──────── Provided data ────────

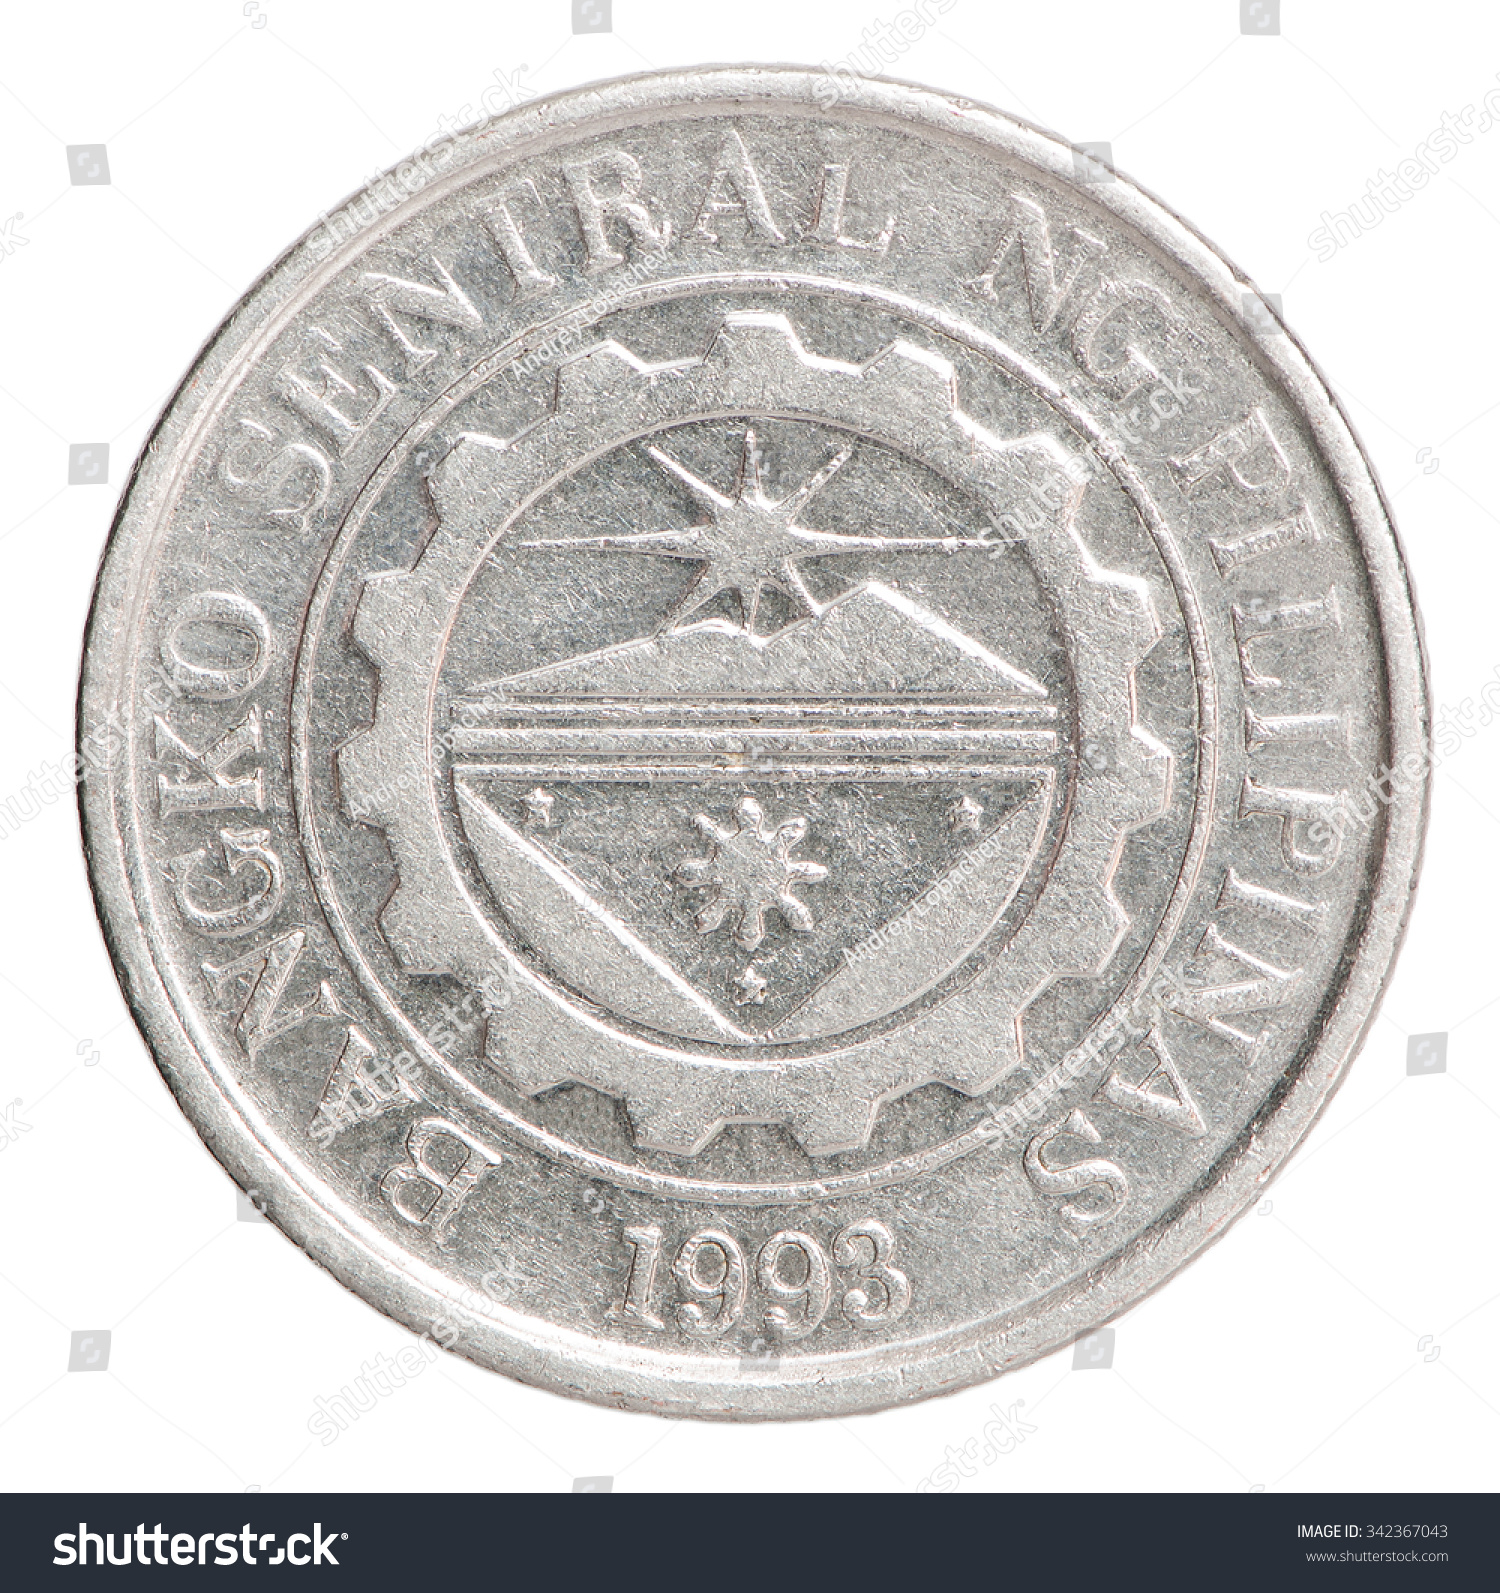 Philippine Peso 1 Silver Coin Closeup Stock Photo 342367043 ...
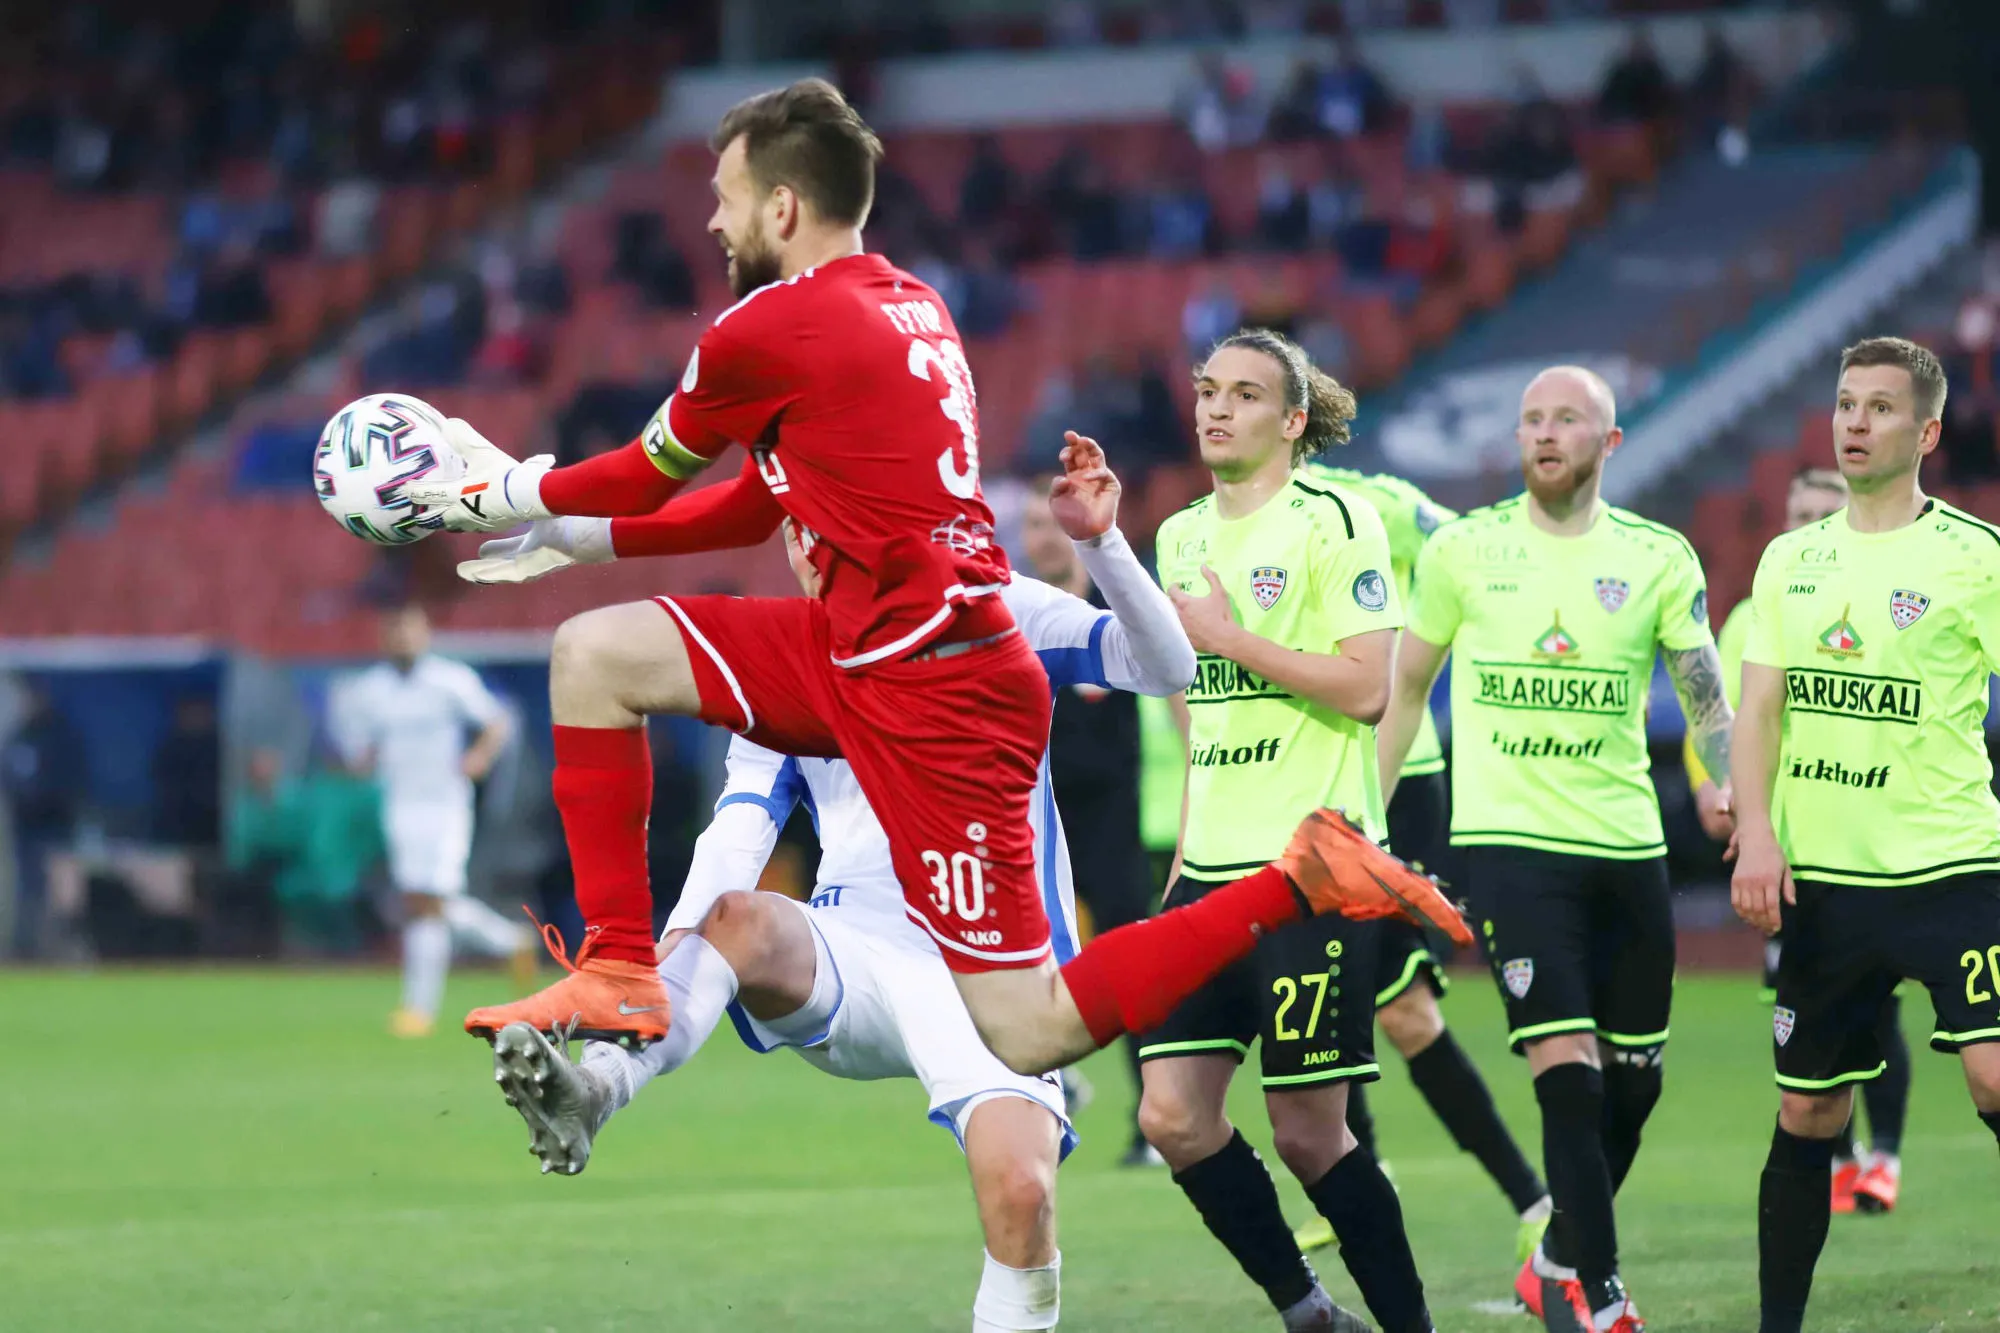 Pronostic Vitebsk Shakhtyor Soligorsk : Analyse, prono et cotes du match de Vysshaya Liga Belarus
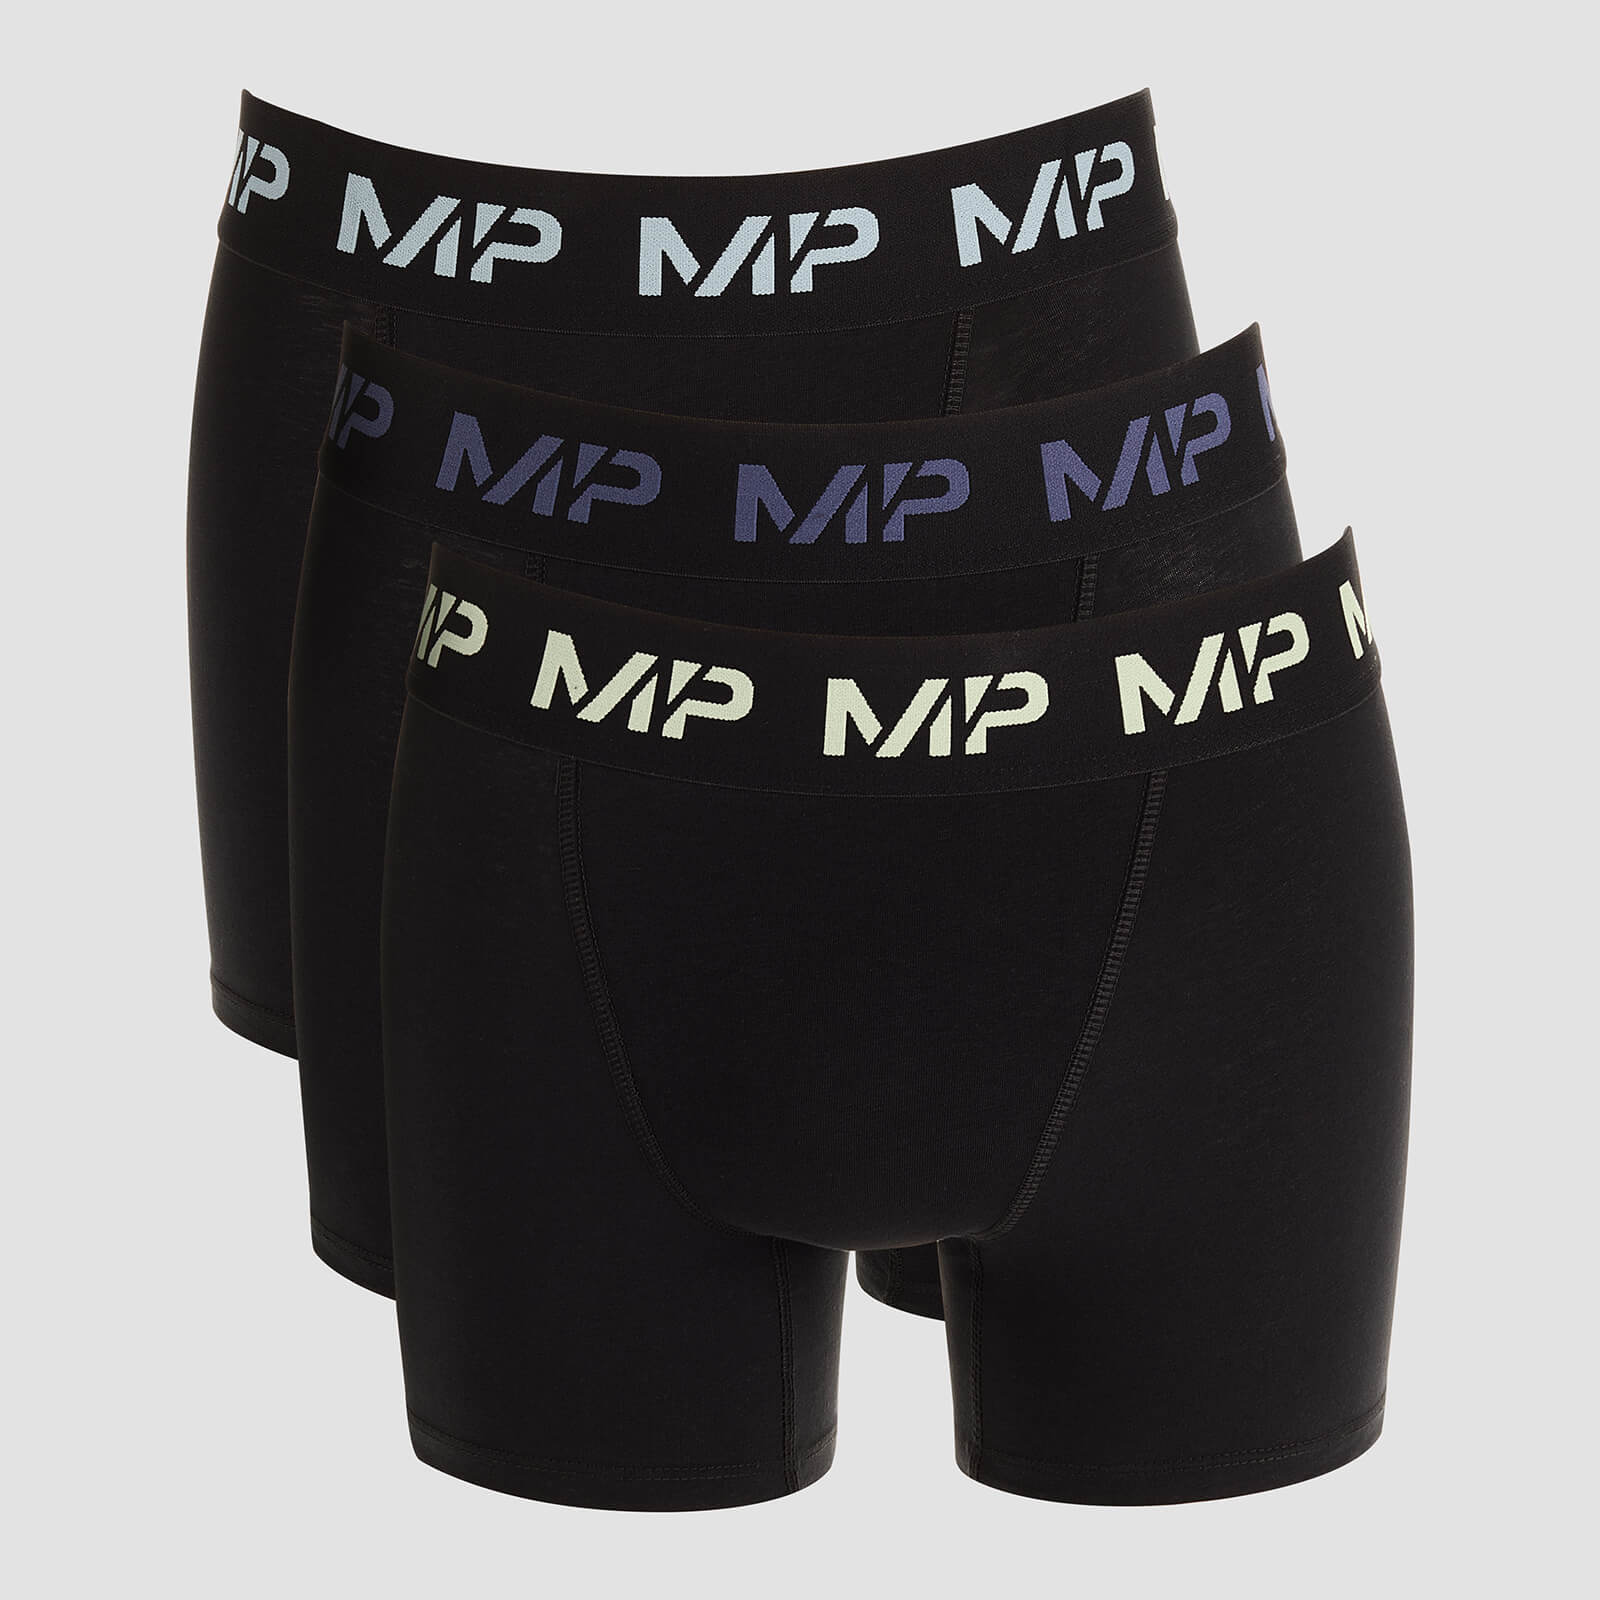 Boxers à logo coloré MP pour hommes (lot de 3) – Noir/Vert givré/Bleu acier/Bleu glacé - XXL

────────

__Instructions for the task__
Return the data exactly. Pictures stay out.

__Solution__
 Philippine Peso 1 Silver Coin Closeup Stock Photo 342367043 ...
 Pronostic Vitebsk Shakhtyor Soligorsk : Analyse, prono et cotes du match de Vysshaya Liga Belarus
 Boxers à logo coloré MP pour hommes (lot de 3) – Noir/Vert givré/Bleu acier/Bleu glacé - XXL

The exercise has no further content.